Estrada decided to accept Jacobson's amendment as friendly (most likely because of the clear sentiment in the room in favor), and the amended motion passed unanimously. Later, however, no language matching the amendment appeared in the official letter to HPRB. As with this month's, that letter contains detailed language in the motion, none of which was actually read at the meeting. Jacobson said, "The way the letter was written, I wouldn't have voted for it." While the letter makes it seem that all Commissioners agree with the language written there, that's not true.
Estrada has made it clear he doesn't want the 14th and U project to move forward as currently proposed. He's introduced repeated resolutions calling for a smaller project and more setbacks. That's his right, of course, as the duly elected representative of his district. Estrada has effectively advocated for his point of view, and helped reduce the original project's size and mass. But whatever the Chair's personal feelings, an ANC's official letter must reflect the ANC's actual vote, not a slight variant that shades the actual language toward the chair's position.

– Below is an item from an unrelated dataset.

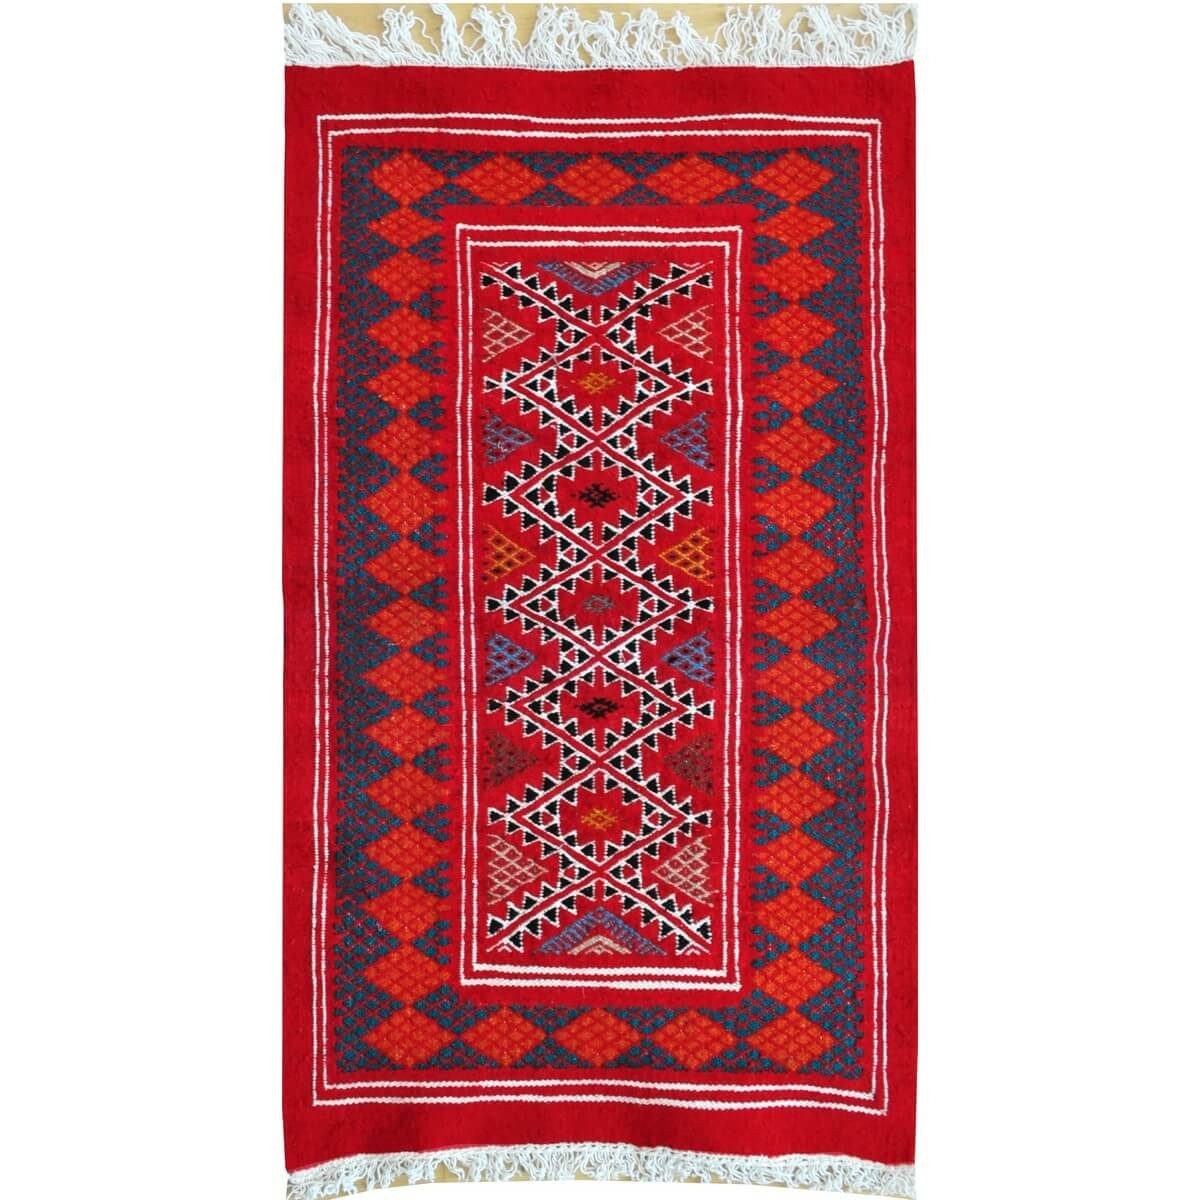 Tapis berbère Tapis Kilim Mellila 60x100 Rouge/Bleu (Tissé main, Laine, Tunisie) Tapis kilim tunisien style tapis marocain. Tapi
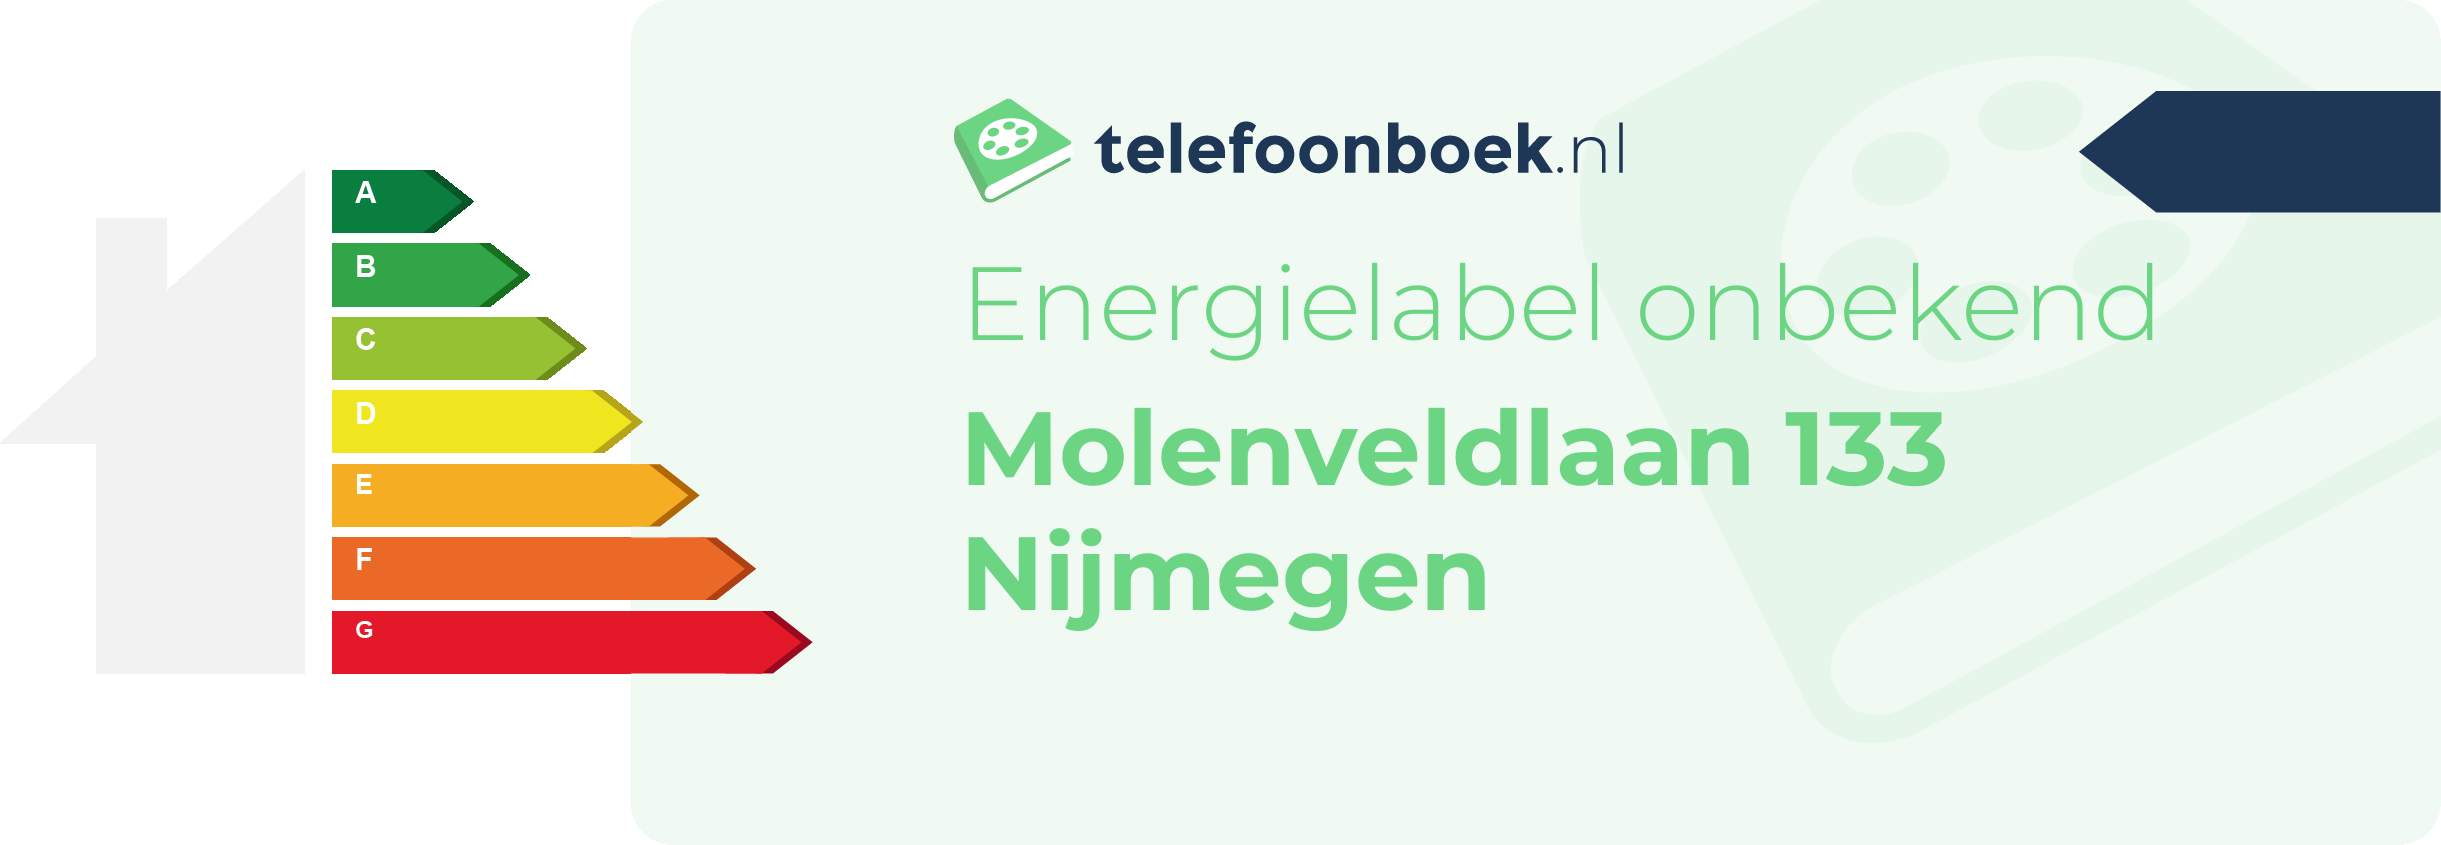 Energielabel Molenveldlaan 133 Nijmegen

The burden isn't Estrada's alone. Other ANC commissioners should insist on clearly defined motions, so that they know exactly what they are voting on. When members vote based on some back-and-forth discussion and allow the staff and Chair to craft a motion later, it opens the door to these shifts. When I attended the Adams Morgan ANC, for example, Commissioners brought detailed motions already written out, and any amendments had to be similarly specific. The Dupont ANC follows Robert's Rules of Order at their meetings. They should likewise take seriously their position as a real elected body voting on real motions, and ask for actual language before they take a vote.